Based on cluster analysis and PCoA, the diversity of characters in the robusta coffee type is higher than the diversity in arabica coffee. The robusta coffee is a cross-pollinating (Ramadiana et al., 2018), while the arabica is a self-pollinating plant (Déchamp et al., 2015). In addition, arabica coffee generally grows the best above 800 m a.s.l. (Nugroho et al., 2016; Konieczka et al., 2020). Cross pollinations make robusta coffee more diverse than arabica coffee. In addition, based on the results of kinship analysis, the environment of the IFCRI was considered quite good in mapping the traits between coffee clones so that the environment could be recommended as an identification environment for the diversity of coffee accessions.

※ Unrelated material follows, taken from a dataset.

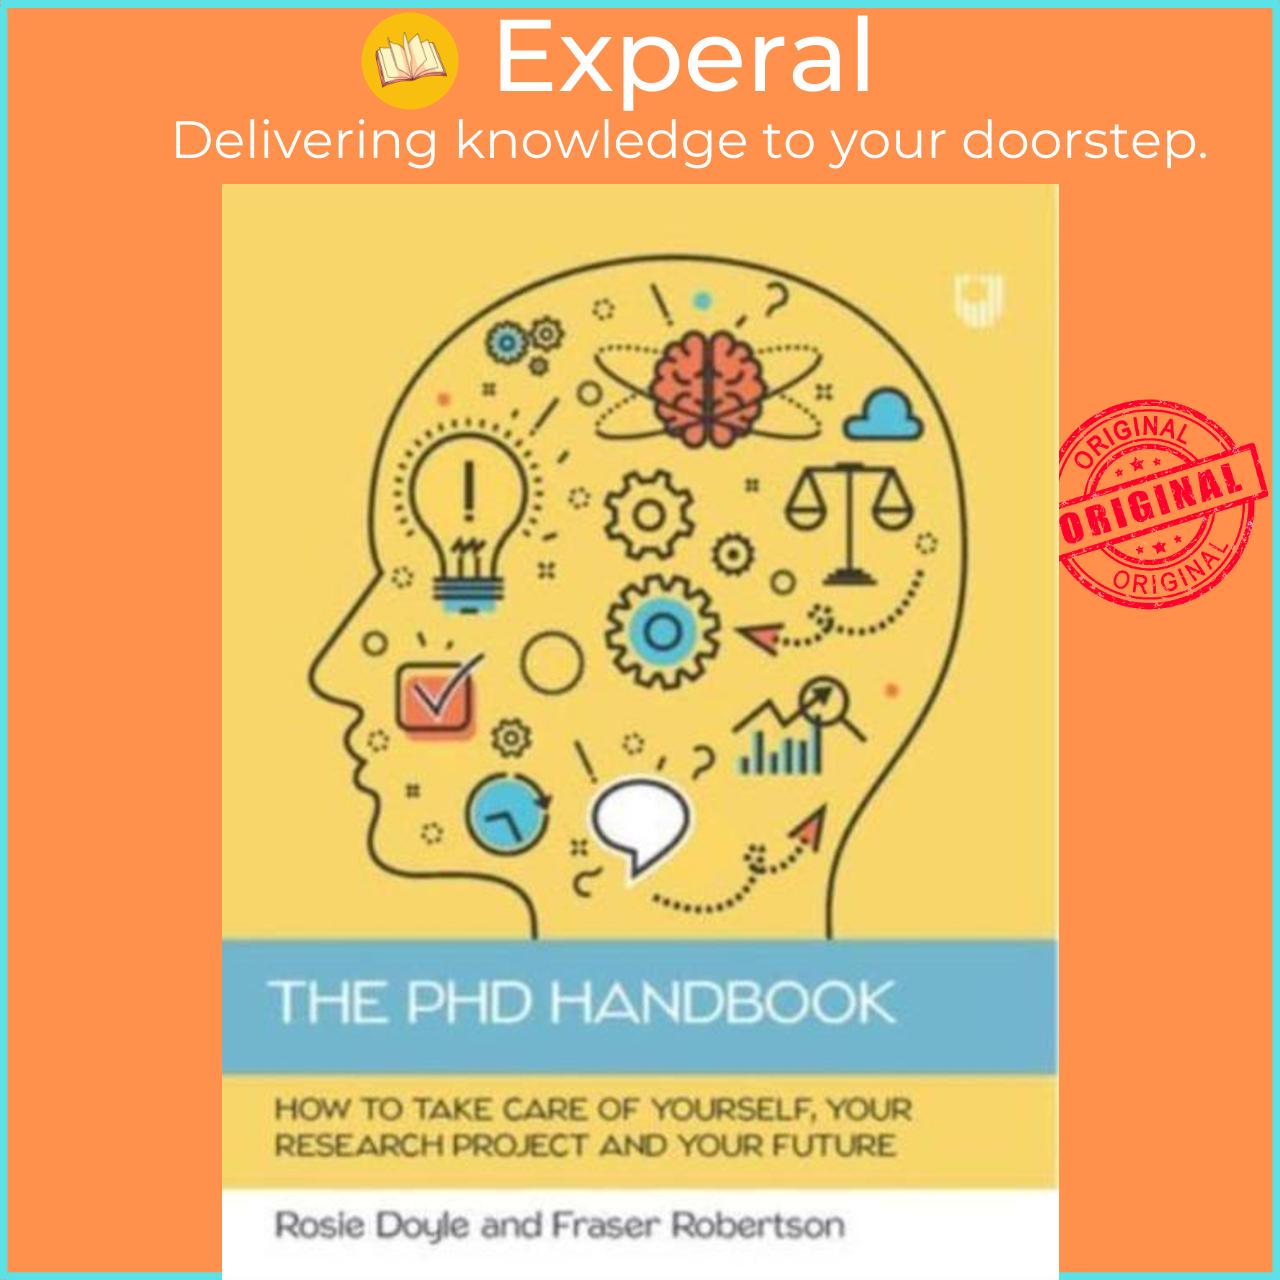 Sách - The PhD Handbook: How to Take Care of Yourself, Your Research Project a by Rosemary Doyle (UK edition, paperback)

This study results need further evaluation for the taste-associated characters and a larger population to increase the result’s precision.
CONCLUSIONS
At the Indonesian Industry and Freshner Crops Research Institute (IFCRI), Sukabumi, coffee clones show high diversity in clone grouping, both between types and between clones within types. The clustering results showed that Subgroup 1 of the first arabica coffee consisted of BP 308, SA237, and SA203 coffee clones with specific characters in the firmness of the leaf surface wave, stipule shape, and flower base shape. Subgroup 2 of robusta coffee consisted of BP 436 and BP 42 clones with specific characters in young leaf color, flower number per fascicle, inflorescence on old wood, leaf shape, vegetative development, bean thickness, and overall bean appearance, corolla width, branch angle, and husk seed width. Sub-group 1 on arabica coffee consisted of the S795 clone with the firmness of leaf edge waves and fruit shape as its specific characters. In contrast, the second sub-group of arabica coffee consisted of Karika 1 and Karika 2 clones with particular characters: leaf apex shape, flower tip shape, fruit color, endocarp texture, and fruit length, pulp thickness, bean length, and husk seed shape. Based on this research, it can also be concluded that the environment of the IFCRI is considered suitable for the selection and identification of the morphological lines of coffee, especially robusta coffee.